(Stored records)
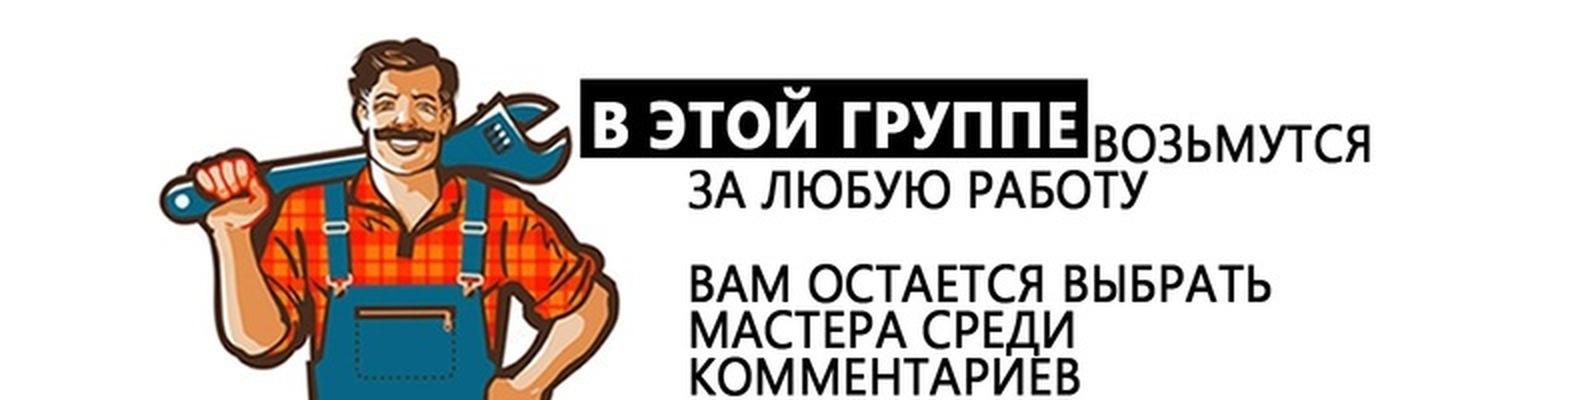 Работа моделей в костроме ksenia ivanova
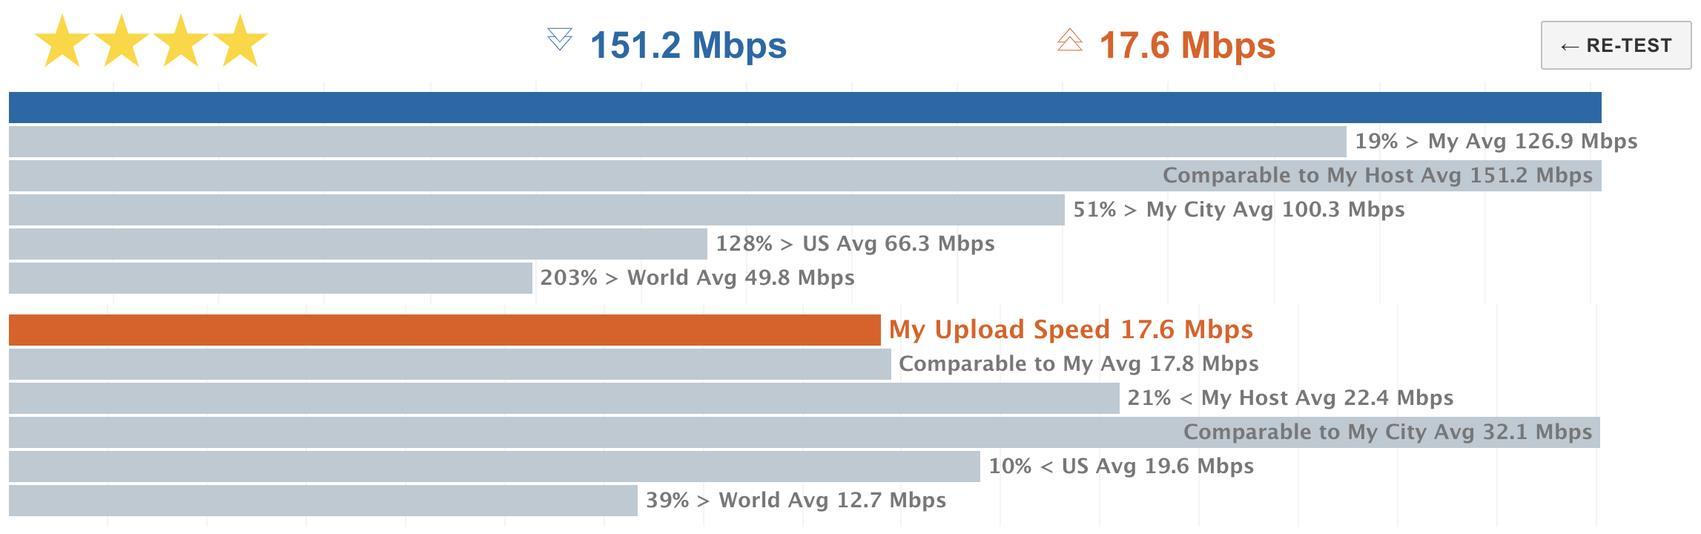 كيف تقيس سرعة الإنترنت لديك
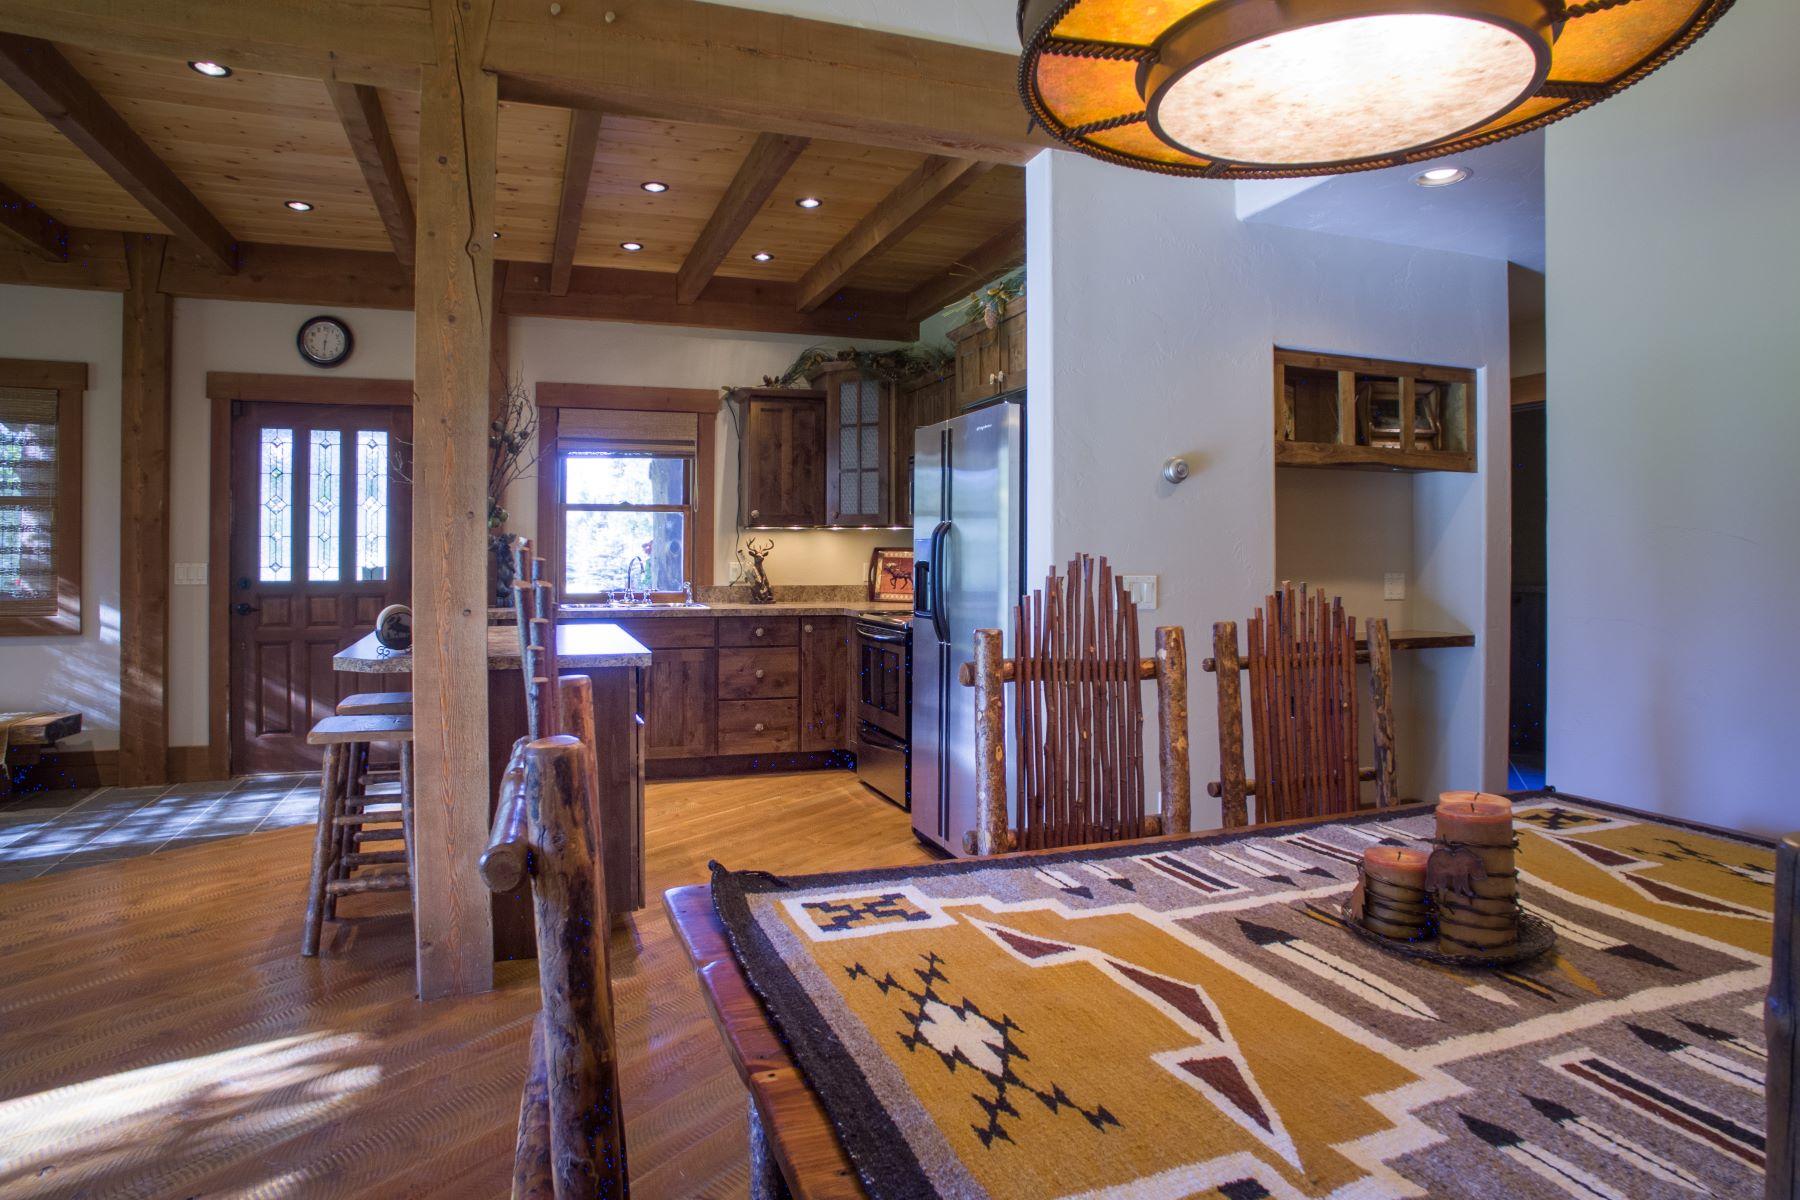 Additional photo for property listing at 270 Colt Trl , Bigfork, MT 59911 270  Colt Trl Bigfork, Montana 59911 United States
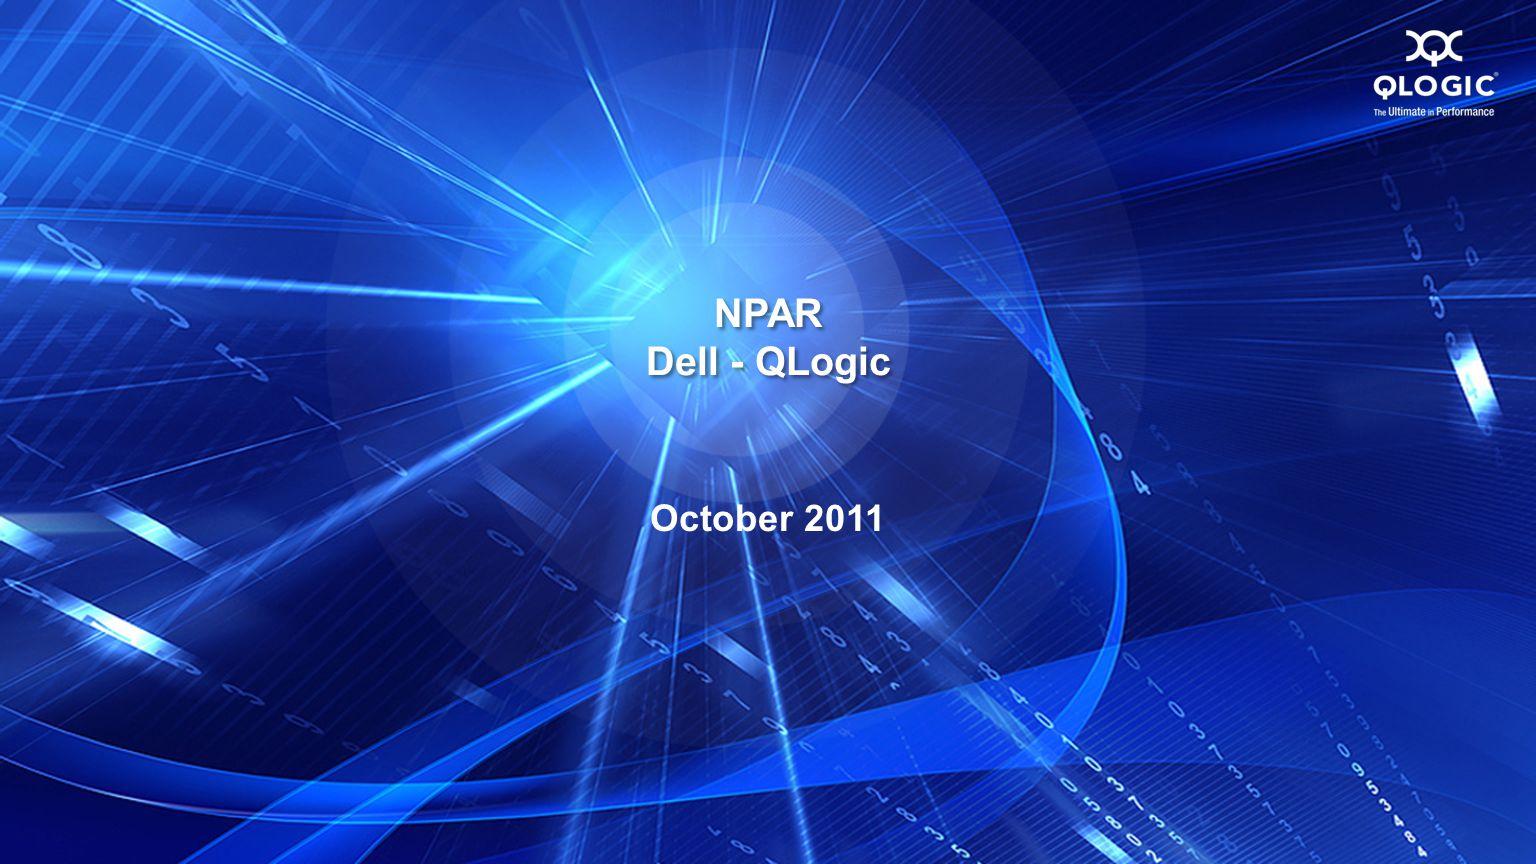 NPAR Dell - QLogic October 2011
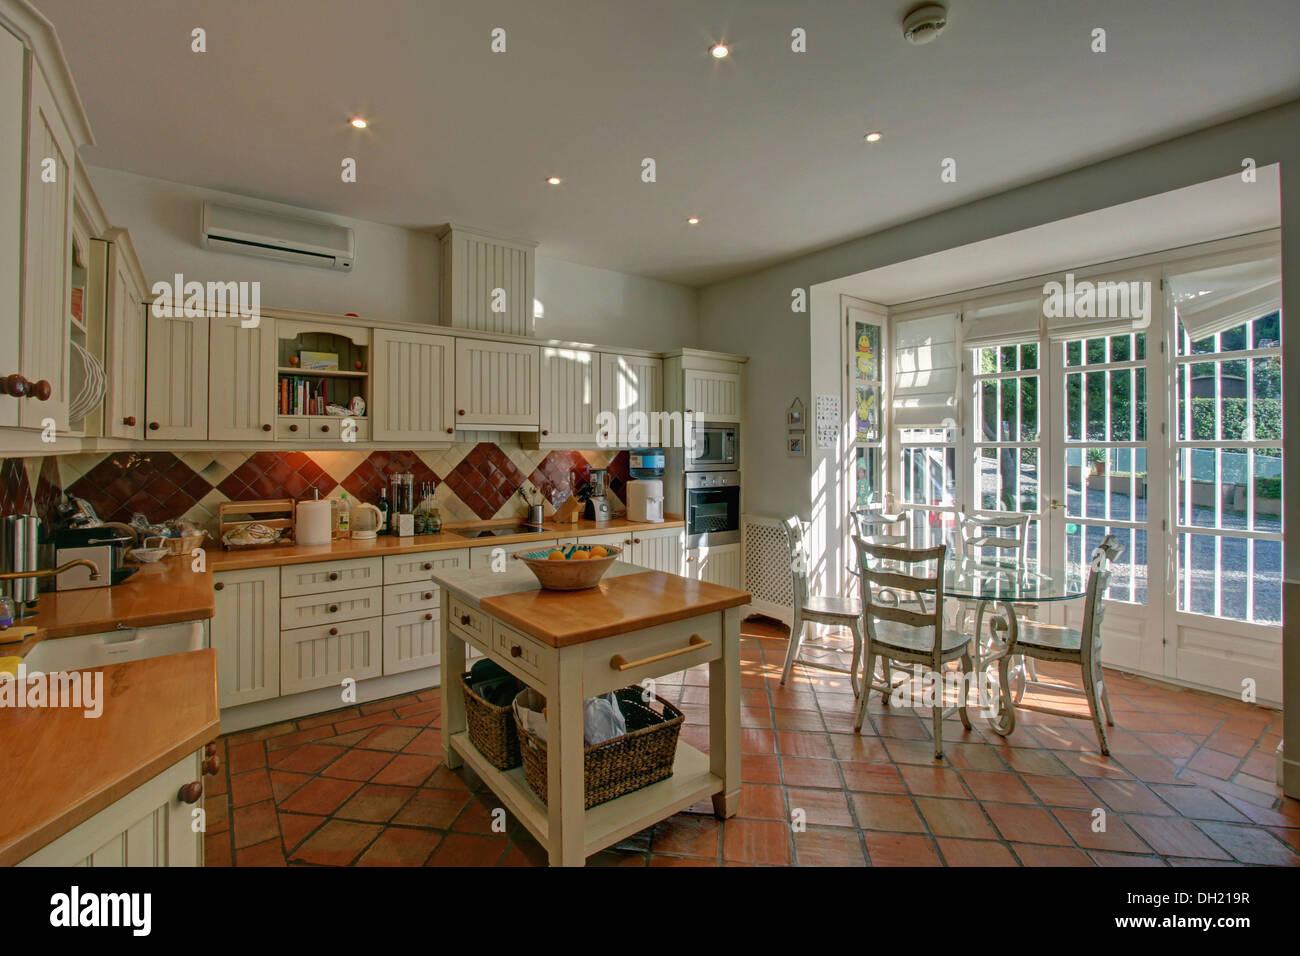 Metzgerei Block Im Landhausstil Spanische Küche Mit Terrakotta Geflieste  Boden Und Glas Esstisch Mit Weißen Stühlen

-- WHAT IS REQUIRED --
Leaving the pictures out, write out every entry exactly.

-- REPLY --
 Работа моделей в костроме ksenia ivanova
 كيف تقيس سرعة الإنترنت لديك
 Additional photo for property listing at 270 Colt Trl , Bigfork, MT 59911 270  Colt Trl Bigfork, Montana 59911 United States
 NPAR Dell - QLogic October 2011
 Metzgerei Block Im Landhausstil Spanische Küche Mit Terrakotta Geflieste  Boden Und Glas Esstisch Mit Weißen Stühlen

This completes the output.